This is part 6 in a series focusing on critical aspects of SQL Server encryption. When a SQL Server customer deploys Transparent Data Encryption (TDE) or Cell Level Encryption (CLE) and protects encryption keys on an encryption key management solution, it is important that the key manager implement reliable business continuity support. Key managers are a part of the critical infrastructure for your applications and should be resilient in the face of common business continuity challenges such as data center damage or destruction (fire, hurricanes, flood, earthquake, etc.), network failures, and hardware failures. Let’s review some aspects of key management resilience.
Key Management Hardware Resilience
Key management systems come in many form factors including network attached hardware security modules (HSMs), virtual machines for VMware and Hyper-V, cloud instances for Microsoft Azure, Amazon Web Services (AWS), IBM SoftLayer, Google Compute Engine, and other cloud platforms, and as multi-tenant key management solutions such as AWS Key Management Service (KMS) and Azure Key Vault.
When a key manager is deployed as a hardware solution it should implement a number of hardware resiliency features including:
- RAID protected hard drives
- Hot swappable hard drives
- Redundant power supplies
- Independent Network Interfaces (NICs)
- Audible alarms
To the greatest extent possible a key management hardware system should be able to protect you from common hardware failure issues.
Key Substitution or Corruption
Key management systems store encryption keys in different types of data stores on non-volatile storage which is subject to key corruption through attack or hardware failure, or subject to key substitution through attack. Key management systems should use common integrity techniques such as hash-based message authentication code (HMAC) or similar technologies to detect this type of failure. Encryption keys should not be returned to a user or application in the event integrity checks fail, and all integrity check failures should be reported in audit and system logs. Additionally the integrity of the key database and application should be checked when the key manager initially starts processing. Early detection and quarantine of bad encryption keys helps prevent data corruption and gives the security administrator the ability to restore proper operation of the key manager.
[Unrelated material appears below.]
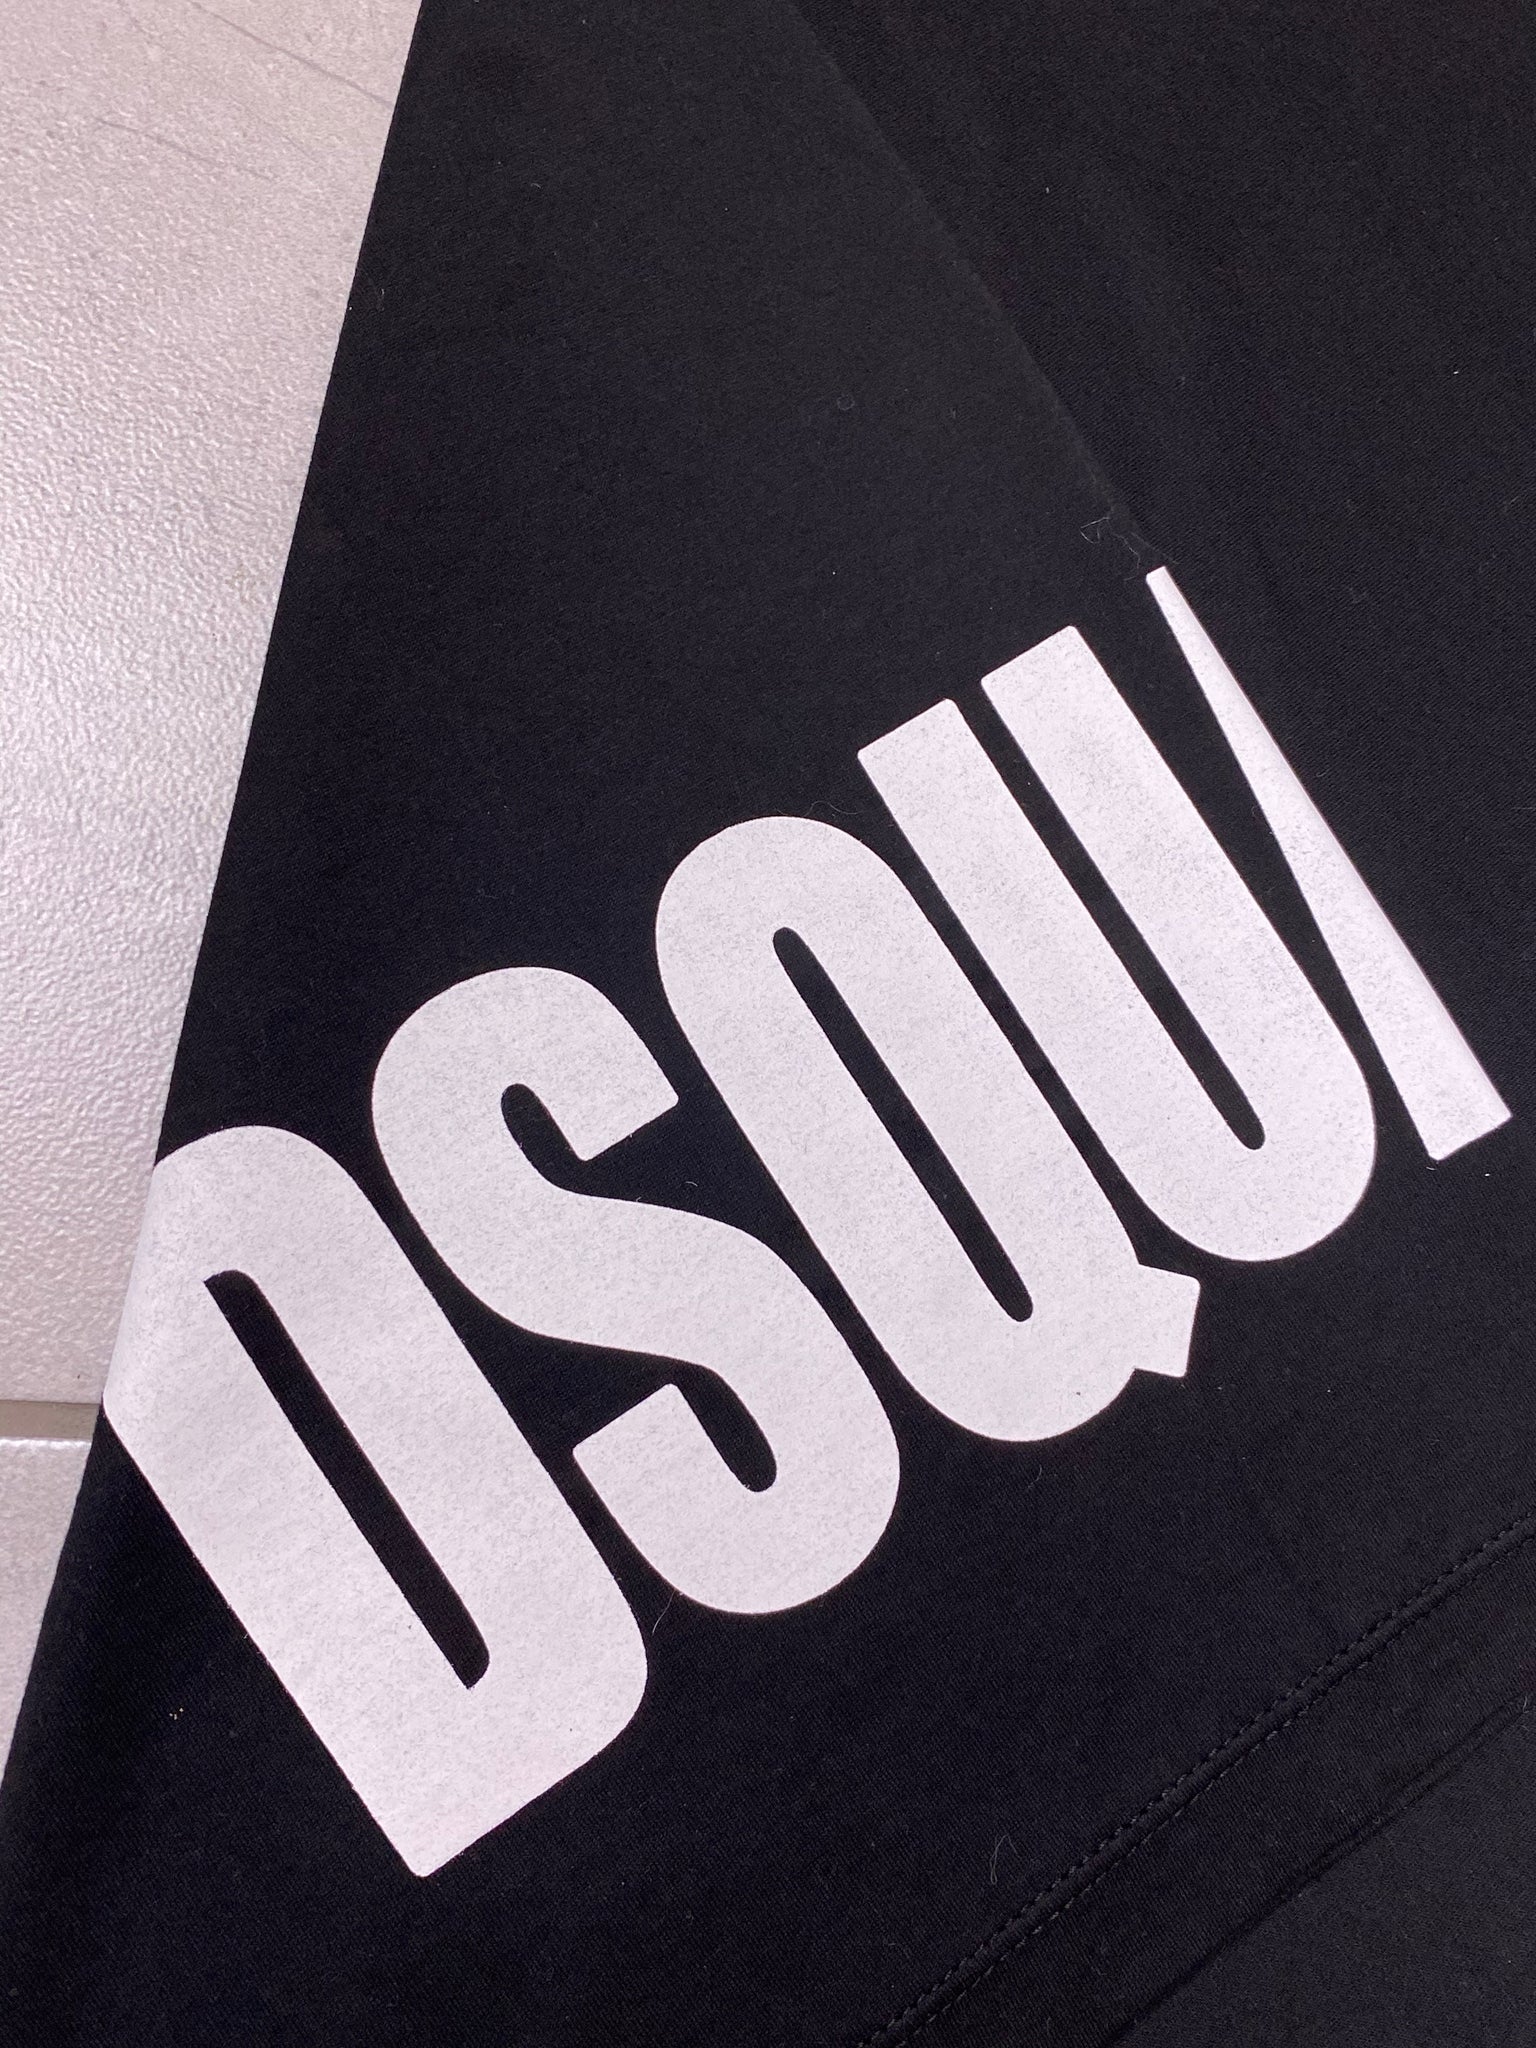 Men’s Dsquared2 Side Logo T-Shirt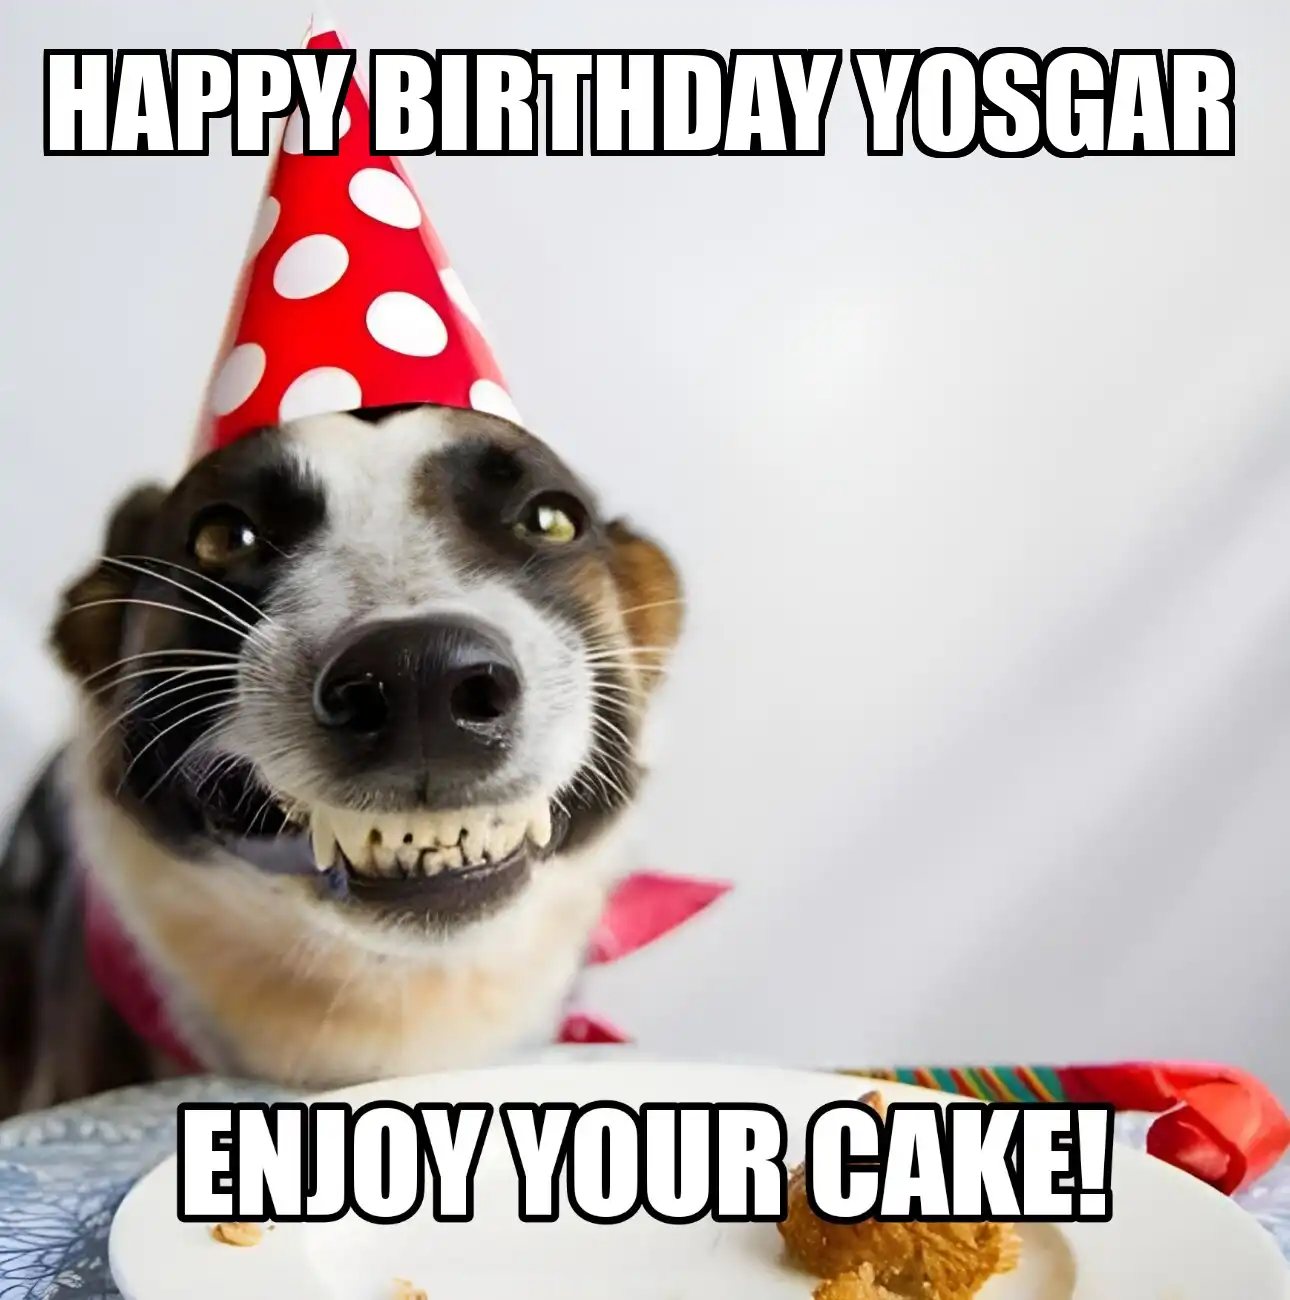 Happy Birthday Yosgar Enjoy Your Cake Dog Meme

Real-time Key Mirroring and Access Policy Mirroring
Because key management systems are a part of an organization’s critical infrastructure, they should implement real-time mirroring of encryption keys and access policies to one or more secondary key servers. The real-time nature of key mirroring is important to prevent the loss of an encryption key after it is provisioned but before it has been copied to a secondary system.
Real-time mirroring should also be able to recover from temporary network outages. If keys cannot be mirrored because the connection between the primary and secondary servers is interrupted, the key mirroring facility should automatically recover and resume mirroring when the network is operational again. This reduces the chance that keys are lost due to latency in mirroring.
Many organizations deploy complex distributed networks that require multiple secondary key servers. While most key management installations involve just one production and one secondary key server, good key management mirroring should involve the ability of a primary key server to mirror to multiple secondary key servers.
Active-Active Key Mirroring
Expanding on the topic of encryption key and access policy mirroring, it is important that key management systems fully support role-swap system recovery operations and this involves the dynamic change in roles between a primary and secondary key server. When a primary key server is unavailable a secondary key server automatically steps in to serve various encryption key functions. In this situation it is important that the secondary key server now becomes the primary key server for a period of time. New encryption keys may be created, the status of existing keys may change, and access policies may also change. A good key mirroring architecture will allow for these changes to migrate back to the original primary key server when it becomes available. This is the central feature of Active-Active mirroring implementations.
Key Management Monitoring
Because key management systems are critical infrastructure it is important to deploy monitoring tools to insure a high service level. Key management systems should generate and transmit system log information to a monitoring solution, and the key management system should enable monitoring by external monitoring applications. In the event a key server becomes unavailable it is important to identify the outage quickly.
Key Management System Logging and Audit
Another important aspect of key management business continuity is proper system logging of the key management server. Key management systems are high value targets of cyber criminals and active monitoring of key management system logs can detect an attack early in the cycle.
Additionally, key management systems should audit all management and use of encryption keys and policies. A good key management solution will audit all actions on encryption keys from creation to deletion, all changes to key access policies, and all access to keys by users and applications. These audit logs should be transmitted to a log collection or SIEM monitoring solution in real time.
Key Management Backup and Restore
As critical systems key managers must implement backup and restore functions. In the event of a catastrophic loss of key management infrastructure, restoring to a known good state is a core requirement. Good key management systems enable secure, automated backup of the data encryption keys, key encryption keys, server configuration, and access policies.
Key management systems differ from traditional business applications in one important aspect - data encryption keys should be backup separately from key encryption keys. You should be able to backup data encryption keys automatically or on demand, but you should take care to separately backup and restore key encryption keys. This is a core requirement for key management systems.
In summary, key management systems need all of the major business continuity components that you would expect in mission-critical business applications.